Ninety-four hospitals made the Leapfrog Group's 2014 top hospital lists, the Washington, D.C.-based group announced Tuesday. This year's total is four more institutions than Leapfrog had on its 2013 list.
“These Top Hospitals represent the best of American healthcare and deserve to be recognized for their commitment to prioritizing the safety and well-being of their patients,” said Leah Binder, Leapfrog's president and CEO, in a statement.
Sixty urban and nine children's hospitals made the list, joined by 25 rural facilities—the highest number of rural hospitals on the list since the category was introduced in 2009. Hospitals that make the list have met the organization's standards for high-risk procedures, have adequate physician staffing and have taken steps to prevent medication errors and infections, according to surveys completed by hospital officials.
The record number of rural facilities on the list comes even after Leapfrog heightened its standards for rural hospitals this year, now requiring that they must have computerized physician-order-entry systems, or CPOEs, that are operational in 75% of patient rooms, a spokeswoman said.
The top 2014 hospitals had to have scored at least 77 out of 100 based on both quality and resource use standards outlined in the survey. An “A” letter grade on Leapfrog's Hospital Safety Score system is also required for general acute-care hospitals. That score is determined by Leapfrog based on publicly available data.
Twelve facilities owned by the California not-for-profit healthcare giant Kaiser Permanente made the list, representing about a third of the company's 38 hospitals. Last year, the company claimed 19.

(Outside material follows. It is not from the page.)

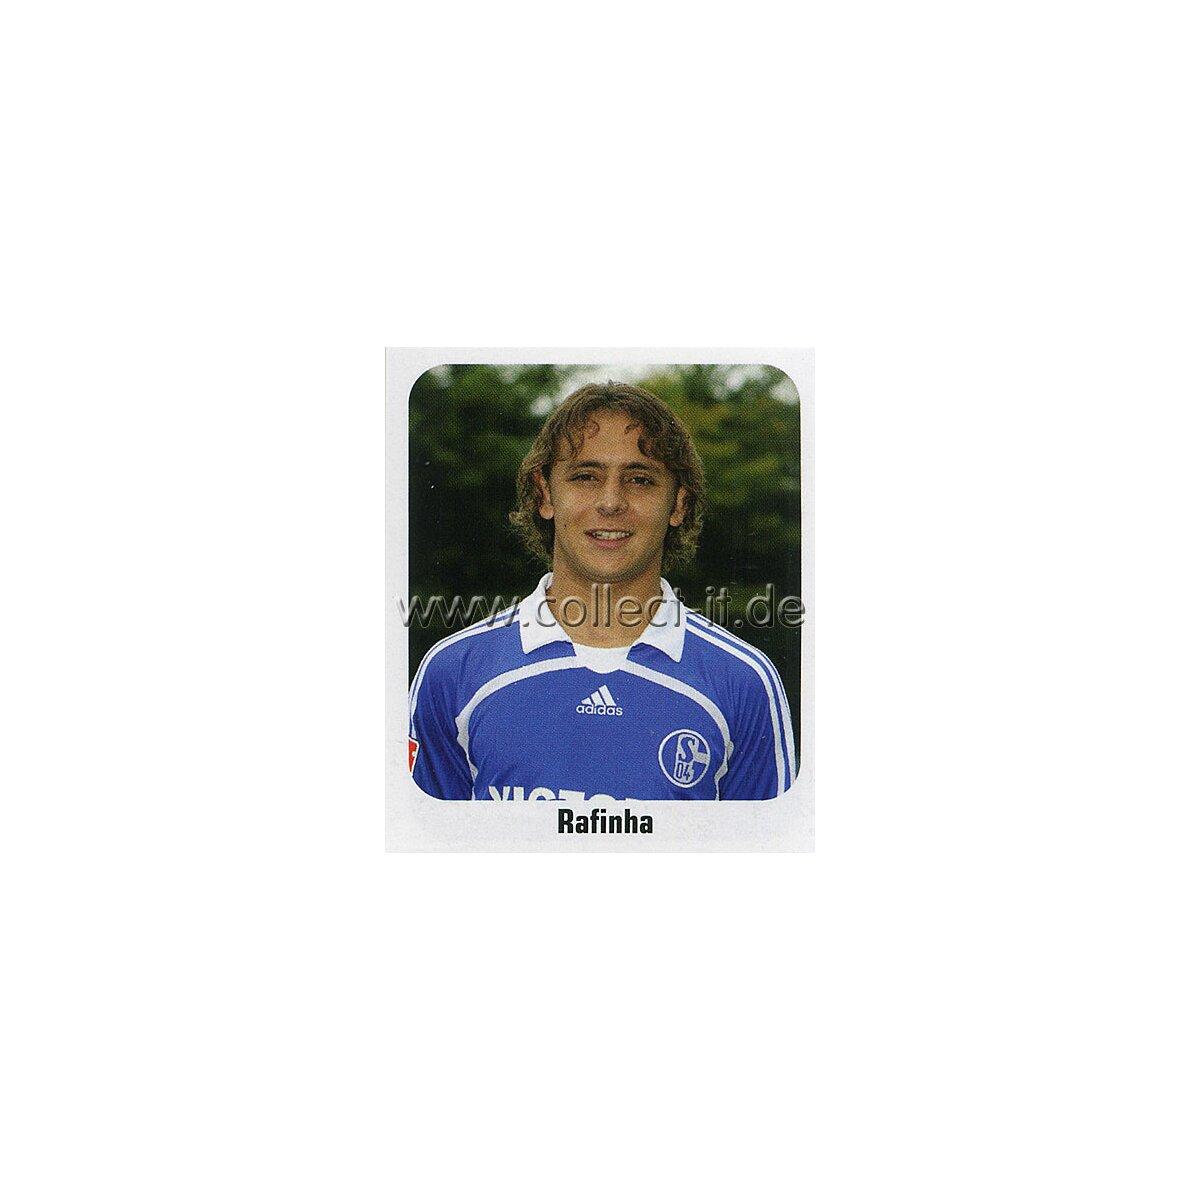 Panini 419 BL Fussball 2006//07 Frank Rost FC Schalke 04

Some healthcare leaders have questioned the value of ratings and the methodologies various raters use, especially when an organization might do well in one survey and poorly in another.
Leapfrog's Binder has said that hospitals need to become more accustomed to the scrutiny that many other consumer products and services must endure.
“Consumers are accustomed to reviewing a lot of reviewers and coming to their own conclusions,” she said. “Hospitals shouldn't be exempt.”